Forum Response: British Retail Consortium
Bill Moyes, director general of the BRC said: "It is of tremendous concern to our members that insurance costs generally, but in particular those relating to employers' liability, appear to be rising without any relationship to actuarial risk.
"There appears to be little doubt that recent institutional losses on the stock market are being recouped through rises in insurance charges. Retailers have a clear incentive to minimise risk, because their claims history will impact on premiums.
"This is somewhat overshadowed by the very large percentage increases in premiums at a time when claims are reducing year-on-year in the industry and is particularly frustrating for a low risk sector, such as retailing. For these reasons we are supportive of a government review of ELCI.
"In order to achieve 'a fairer system' and address the current structural imbalance we believe that ELCI premiums should be ring-fenced, with risk covered by an allocated pool of funds.
"We welcome an emphasis on risk related premiums that reward companies with a strong health and safety record, provided the benefit is not undermined by self-assessment packages that are onerous and overbureacratic, particularly for SME retailers.
"We suggest that the Health and Safety Laboratories is best positioned to evaluate the impact of separating long-term occupational risk from risks due to accidents."
Forum Response: Federation of Small Businesses
John Emmins, national chairman of the FSB, said: "We have been working with Nigel Griffiths, minister for small businesses and are pleased that a number of FSB proposals have been taken on board. Insurers and brokers will have to give three weeks notice when cover is up for renewal and look at the health and safety records of individual businesses before denying cover.

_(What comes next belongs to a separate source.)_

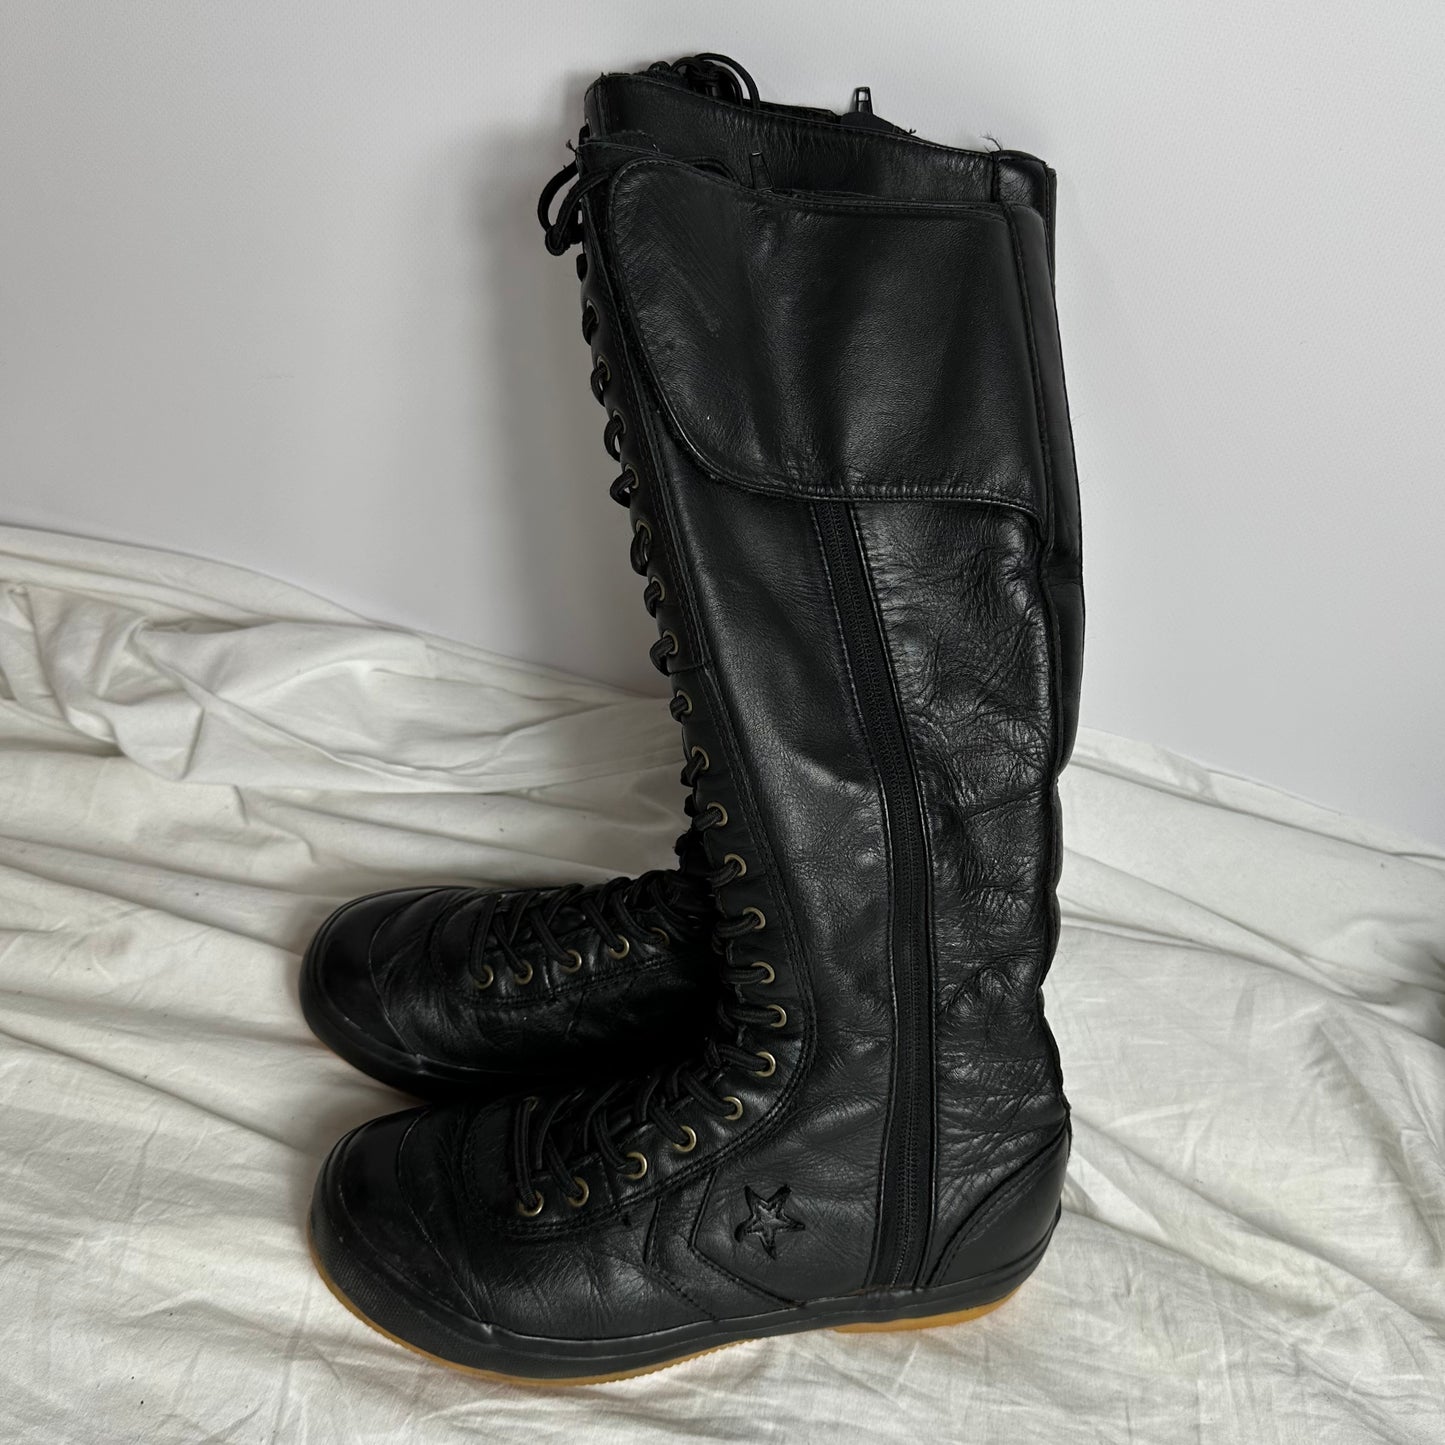 Converse Vintage Leather Lace Up Boots 35/36

"The government has recognised that the growing compensation culture is a real problem and has given a commitment that future costs in compensation cases will be 'reasonable.' There also appears to be a genuine appetite to reform the outdated employers' liability legislation which is a very big step forward."The report refuses to accept that the market has failed. There are small firms out there required by law to have employers' liability Insurance, but unable to find an insurer prepared to offer the cover. Others just about managed to weather last year's increases but will find another round too much."Small firms will have to wait until the autumn for any action. The government raises two billion pounds a year in Insurance Premiums Tax by creaming off five per cent on each and every insurance renewal. This is an obvious revenue stream that could easily be used to provide short term assistance."
Forum Response: General Insurance Standards Council
Catherine Nicoll, head of communications for the GISC, told ePolitix.com: "The GISC would like to respond in particular to the first area of the government's review, setting out its intention to "scrutinise the market to seek raised service standards including minimum notice periods for policy renewals so that businesses can shop around for Employers' Liability cover.

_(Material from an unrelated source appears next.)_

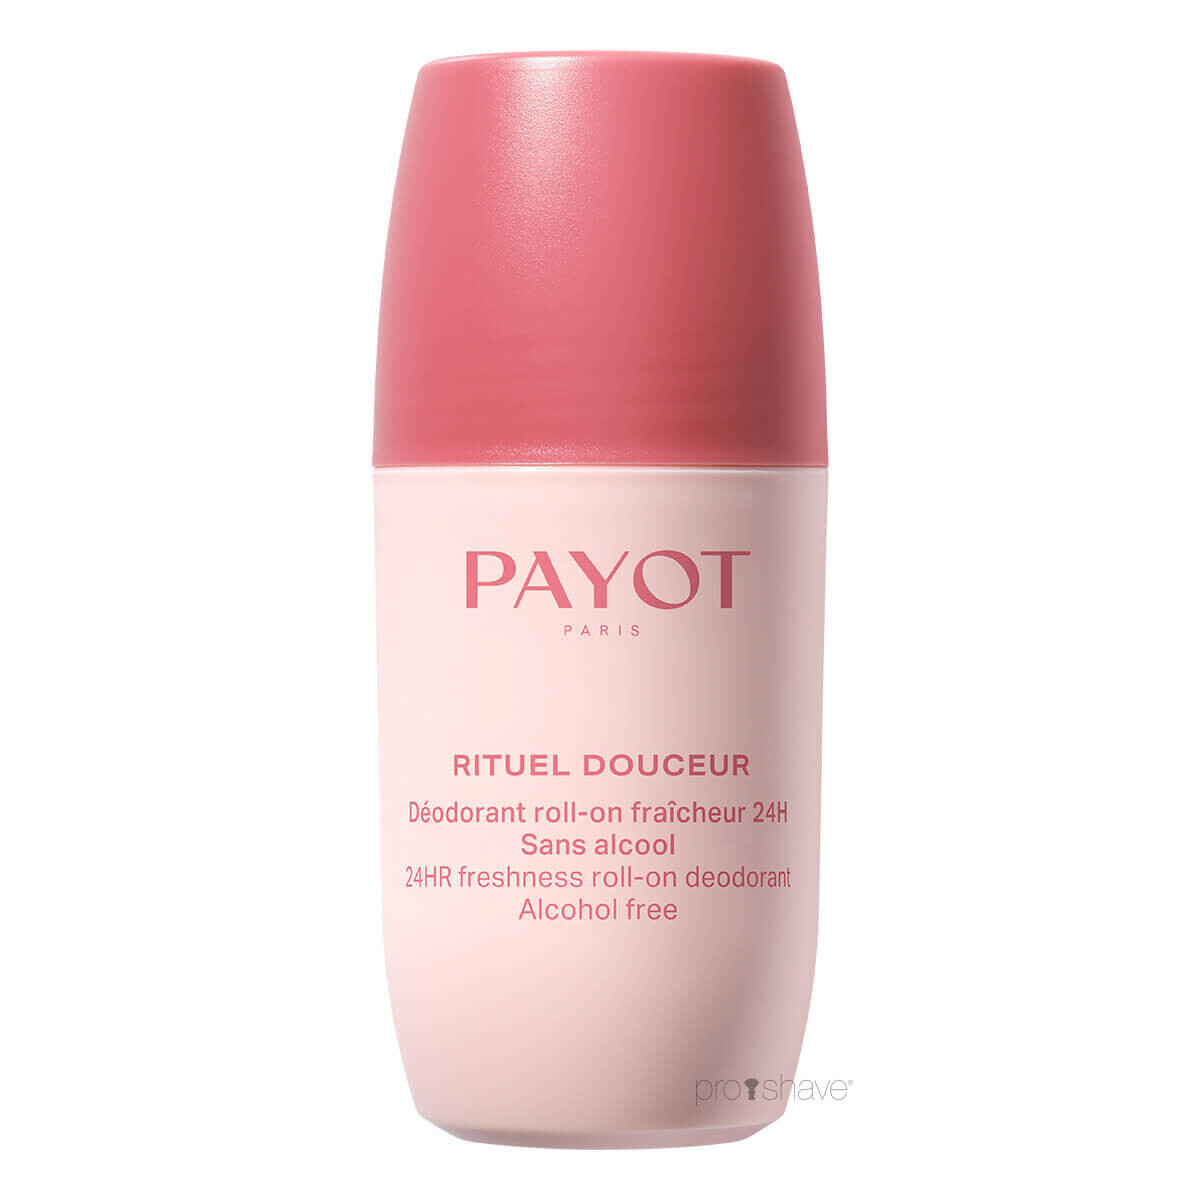 Payot 24hr Freshness Roll-on Deodorant Alcohol free, 75 ml.

"Such service standards already exist, via GISC, the existing regulator of businesses offering general insurance. Businesses would be well advised to arrange their insurance through GISC members who commit to standards of good practice including the responsibility to 'provide adequate information in a comprehensive and timely way' and to 'notify Commercial Customers of the renewal or expiry of their policy in time to allow them to consider and arrange any continuing cover they may need'.
"For some months GISC has been monitoring the situation regarding insufficient notice where renewal terms are not being offered. Although it is generally not GISC's policy to investigate complaints from commercial customers, we take such allegations very seriously and have been reviewing cases where there could be breaches of our rules.
"Experience so far suggests that insurers generally are giving sufficient notice where renewal terms are not offered, particularly where they have publicly pulled out of the market for employers' liability. GISC would expect its intermediary members to make customers aware of this and that they are seeking alternative cover because the existing insurer will not offer renewal terms."